Twitter locked down its source code to prevent unauthorized changes, sources familiar with the matter told Bloomberg. The reports say that this change was made to prevent employees from "going rogue" and sabotaging the platform after Elon Musk's $44 billion purchase of the company. Currently, a vice president must approve any changes.
Twitter declined to comment on the matter.
After the company announced it would accept Musk's offer to buy the publicly traded platform, it wasn't immediately clear to Twitter's 7,000 employees how their day-to-day would change. Even after a company all-hands, where CEO Parag Agrawal reassured the team that no layoffs were planned "at this time," employees were still left with questions about how they would fare in Musk's takeover.
Twitter's Director of Machine Learning Ethics, Transparency and Accountability Rumman Chowdhury asked in a tweet, "Elon aside, can anyone explain to me how Twitter will hire/keep employees since there isn’t company stock to create competitive comp packages? A significant part of our pay is in [restricted stock units]."
For now, Musk’s takeover bid for Twitter remains subject to shareholder and regulatory approval.

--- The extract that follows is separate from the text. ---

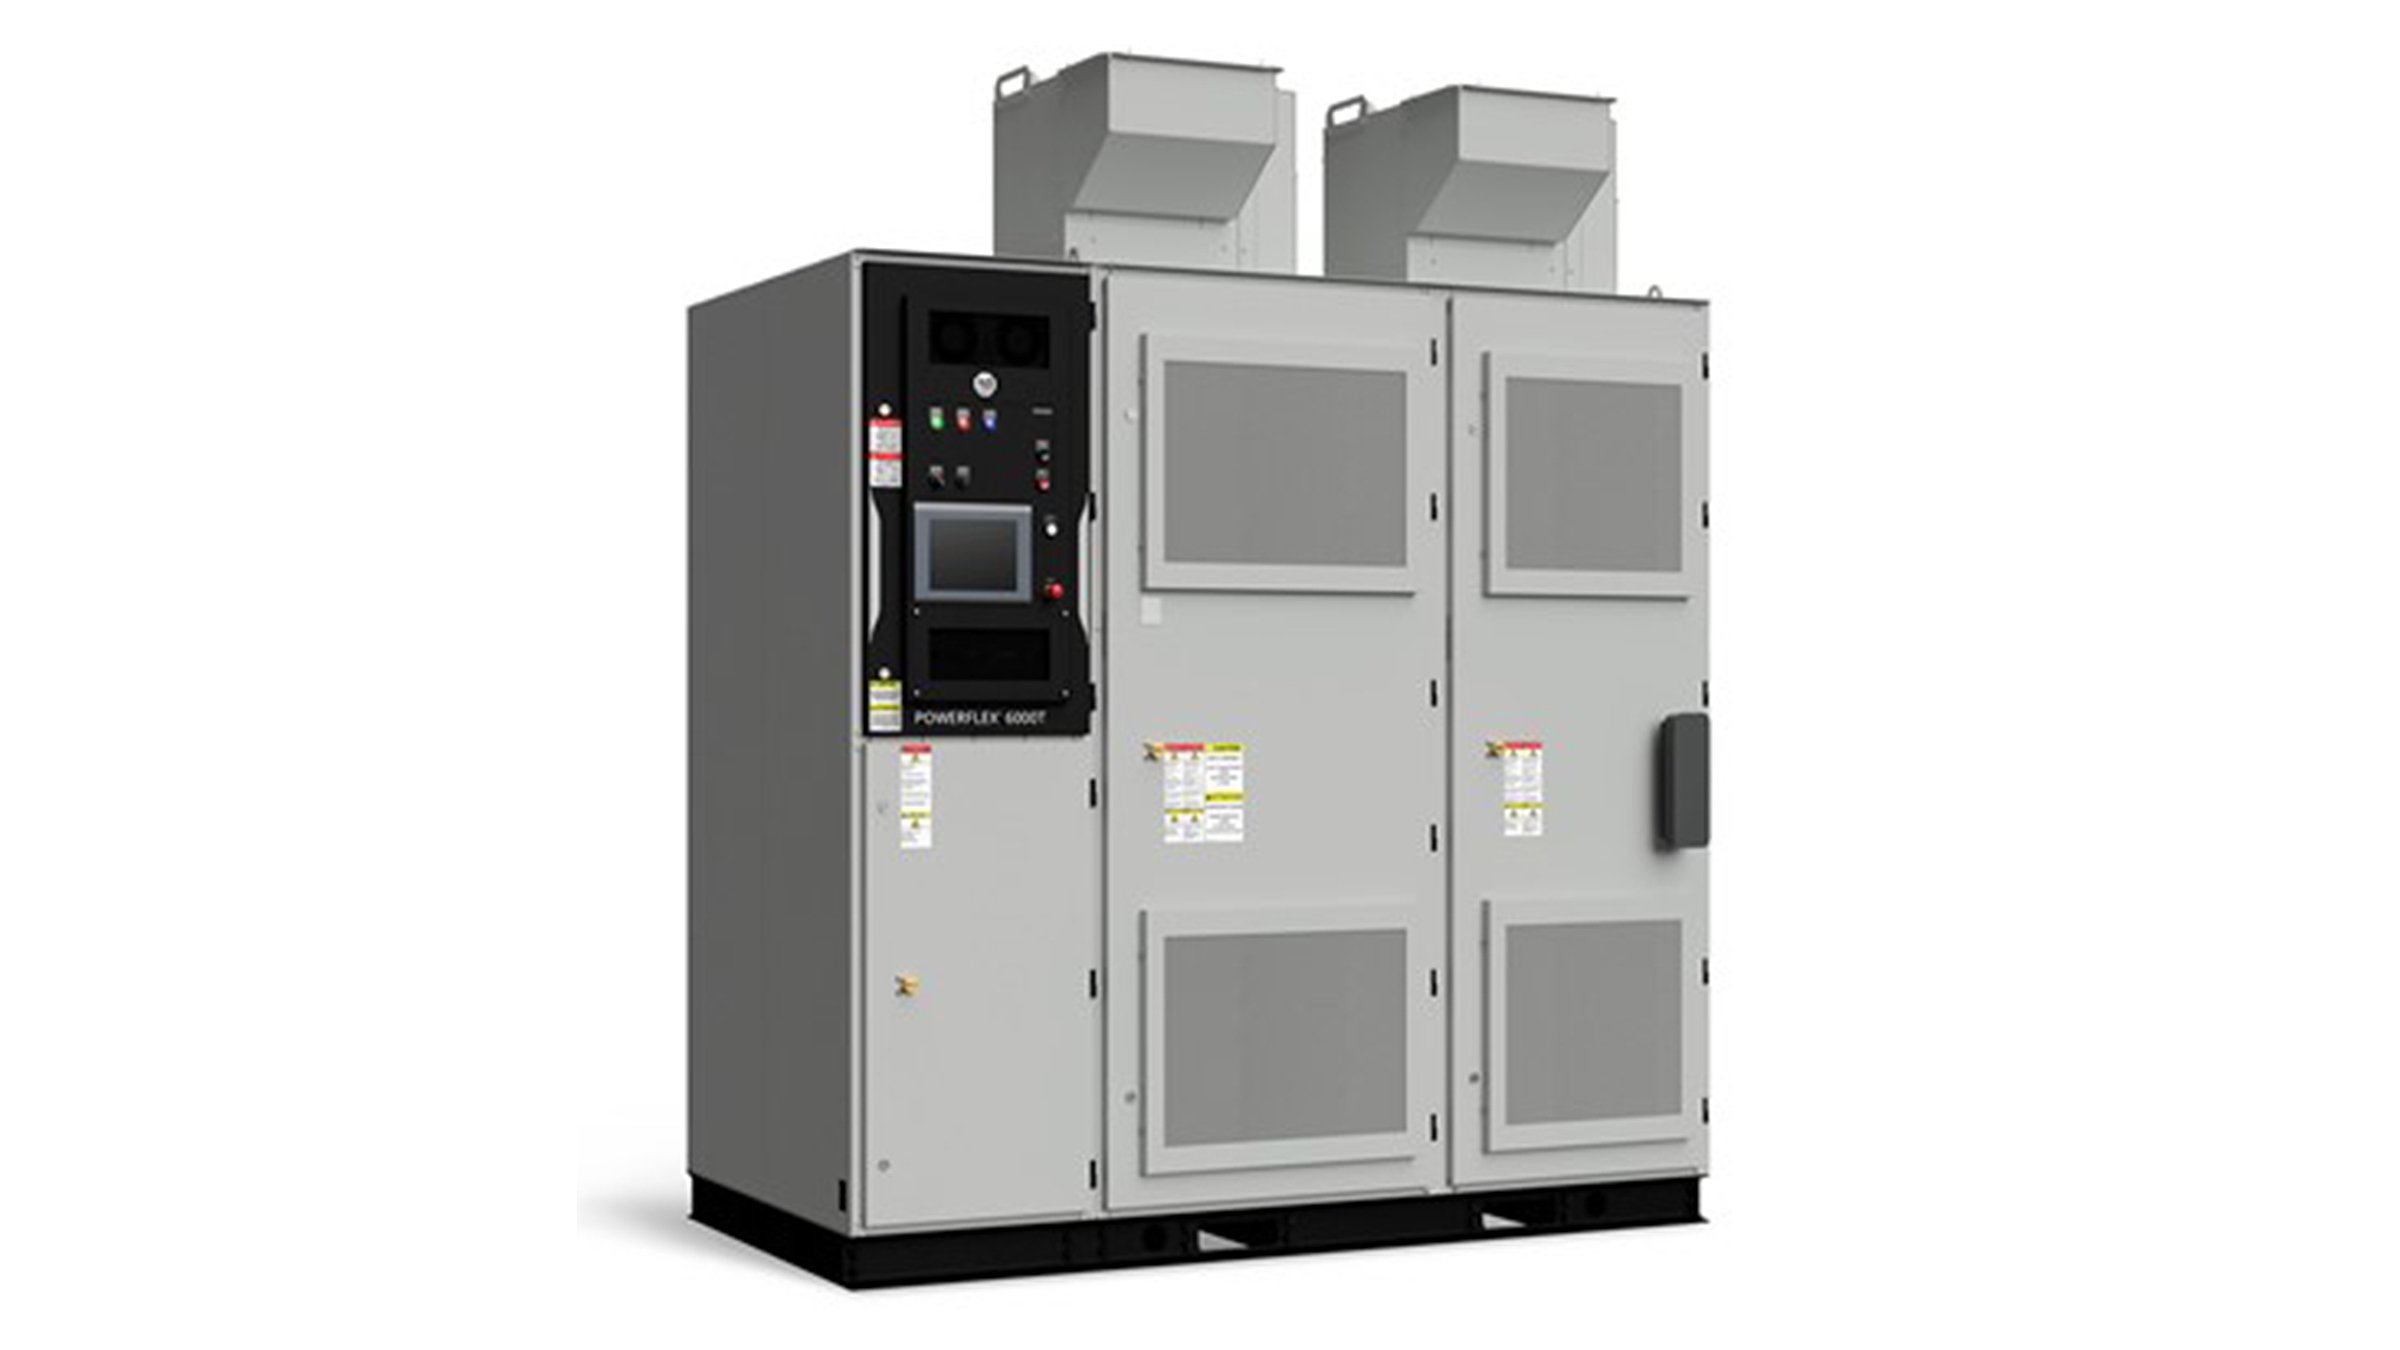 Three tall, gray side-by-side metal cabinets comprise the PowerFlex 6000T drive unit from Rockwell Automation – used to control motors in heavy industrial applications.

But if it goes through as expected, we may witness major personnel shifts, resignations and more. A similar shake-up took place when Twitter was listed on the New York Stock Exchange for the first time. By the time the company went public, there were already 90 startups being built by former Twitter employees.
Despite his enormous wealth, Musk doesn't have the best track record when it comes to managing employees. Under his leadership at Tesla, the company has quashed union efforts by warehouse workers, faced racial discrimination lawsuits and dismissed employee concerns about returning to work during the COVID-19 pandemic.